[TASK DETAILS]
Return exactly the lines of the data below, from the one that contains "Das RTL EM-Studio" through the final line, and leave out every picture.

[DATA]
>>>>>

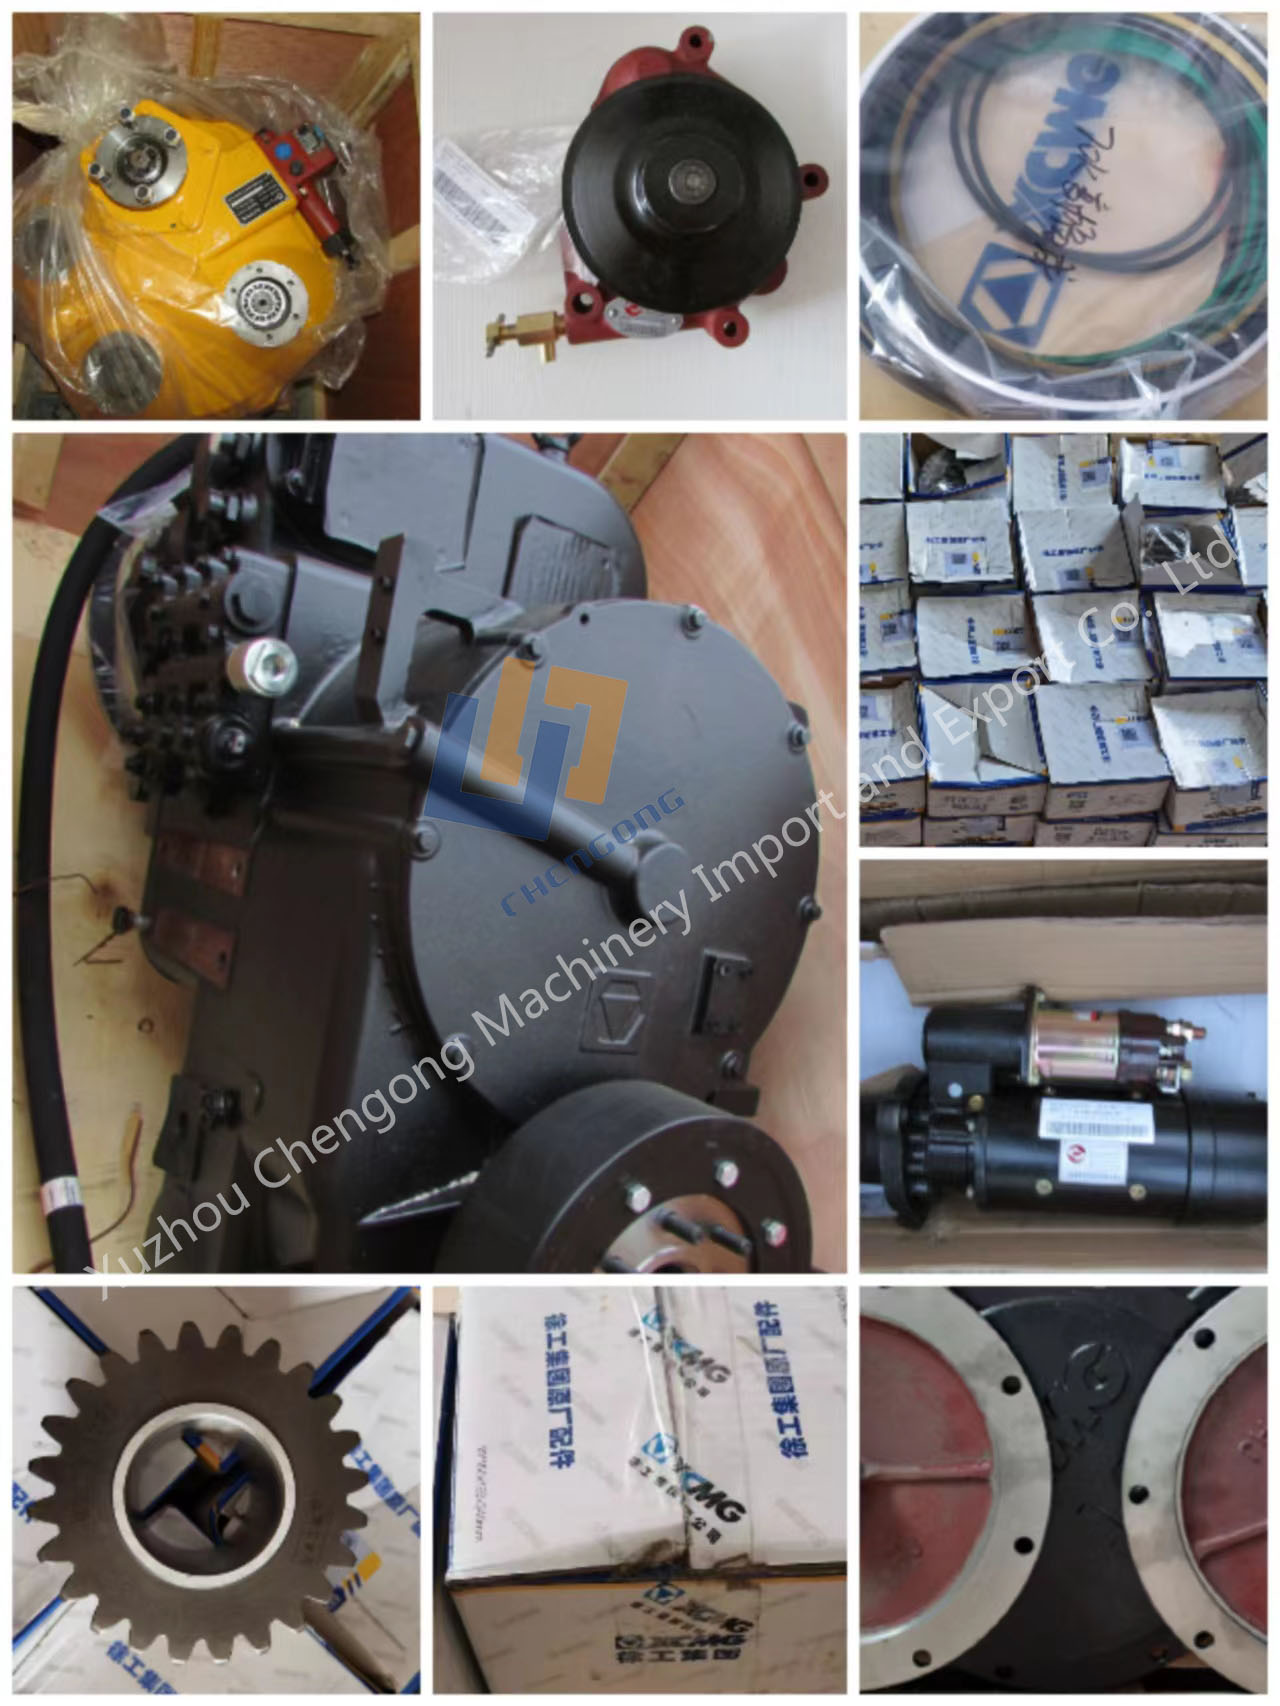 XCMG wheel loader ဆီစစ် 860141500 JX0810G-J0300G အပိုပစ္စည်း (၆)မျိုး၊
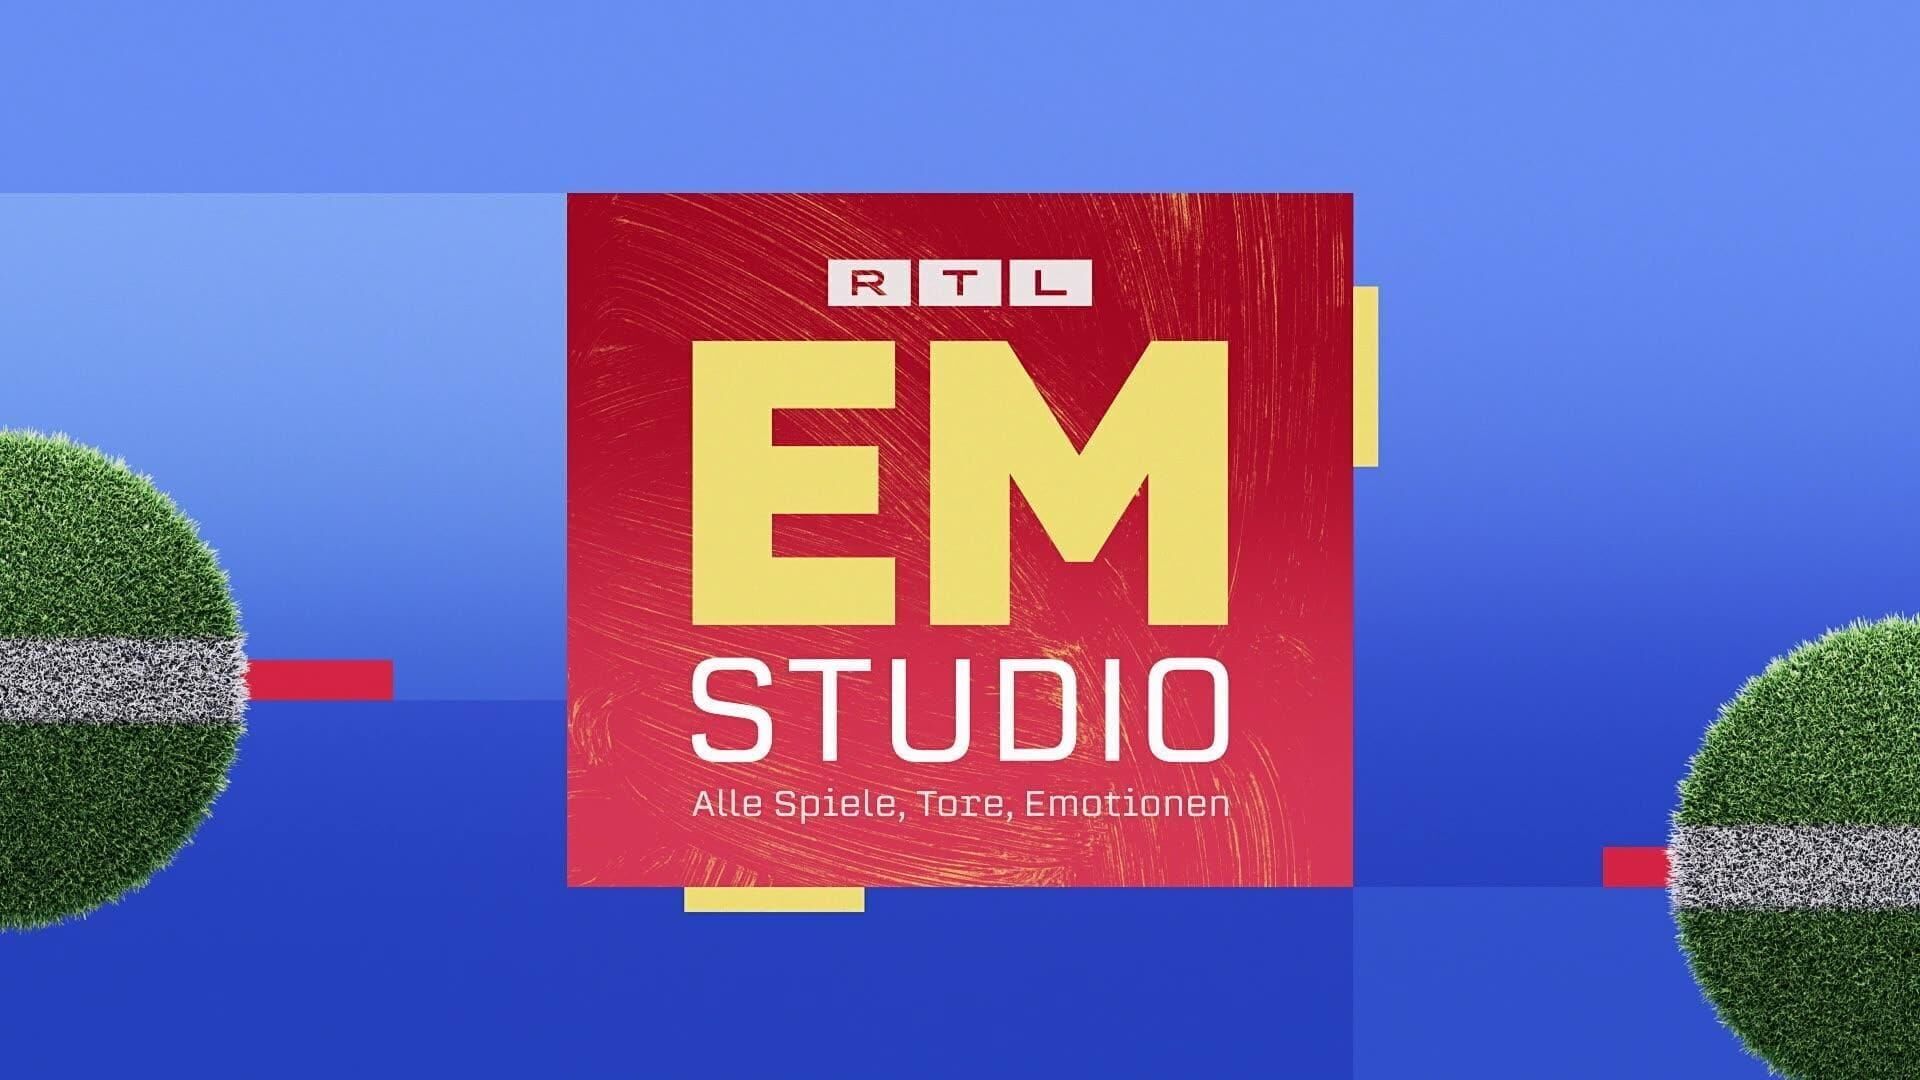 Das RTL EM-Studio – Alle Spiele, Tore, Emotionen
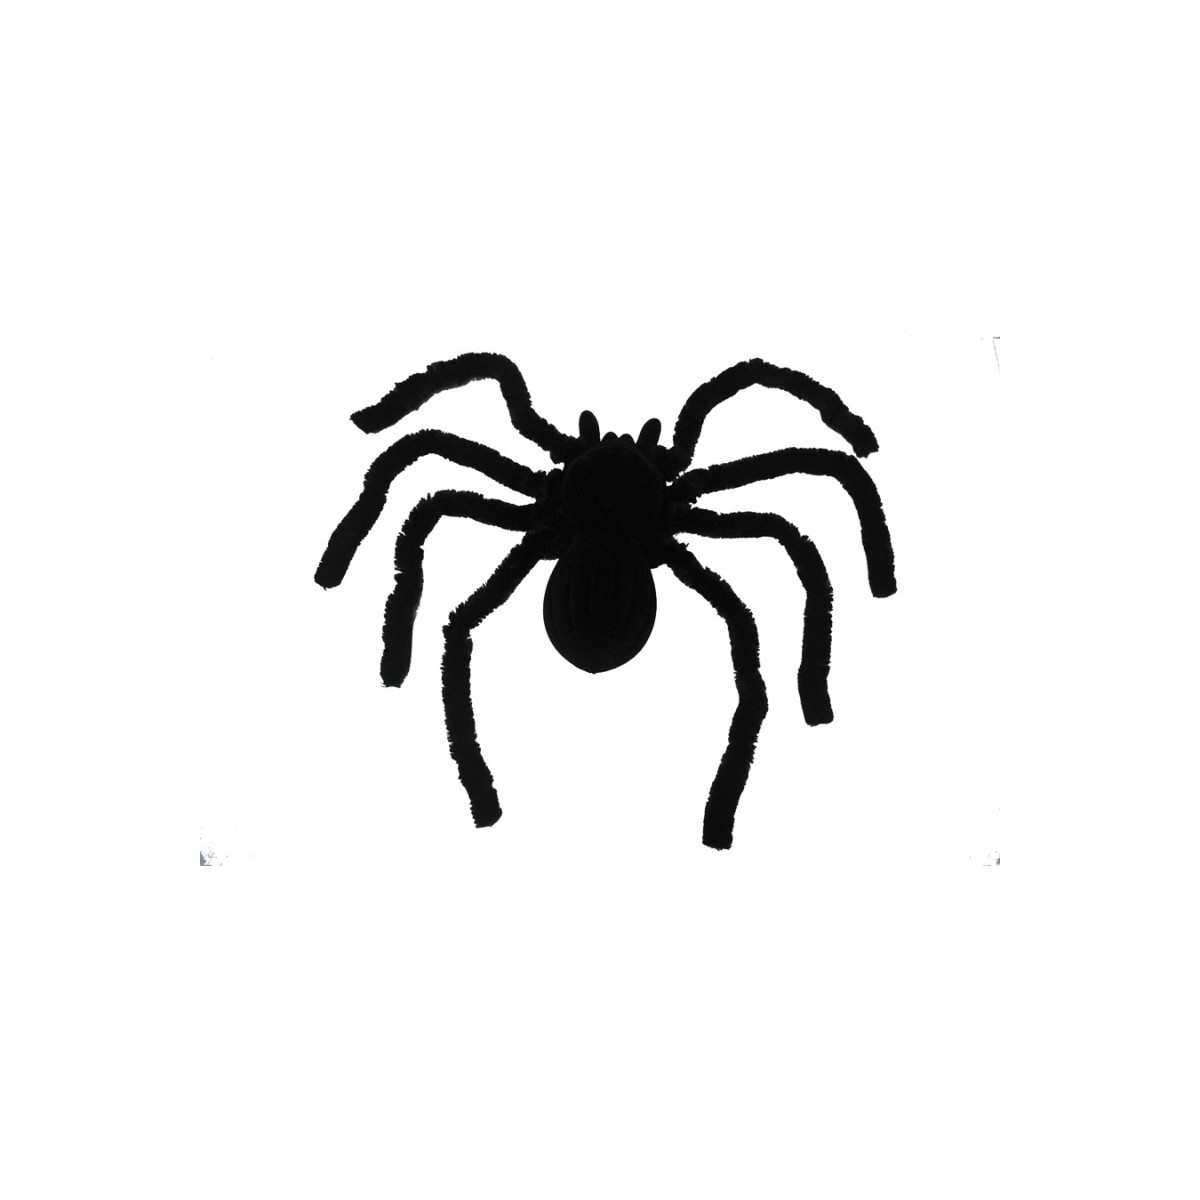 Araignée Mygale noire 46 cm

<<<<<

[YOUR SOLUTION]
 Das RTL EM-Studio – Alle Spiele, Tore, Emotionen
 Araignée Mygale noire 46 cm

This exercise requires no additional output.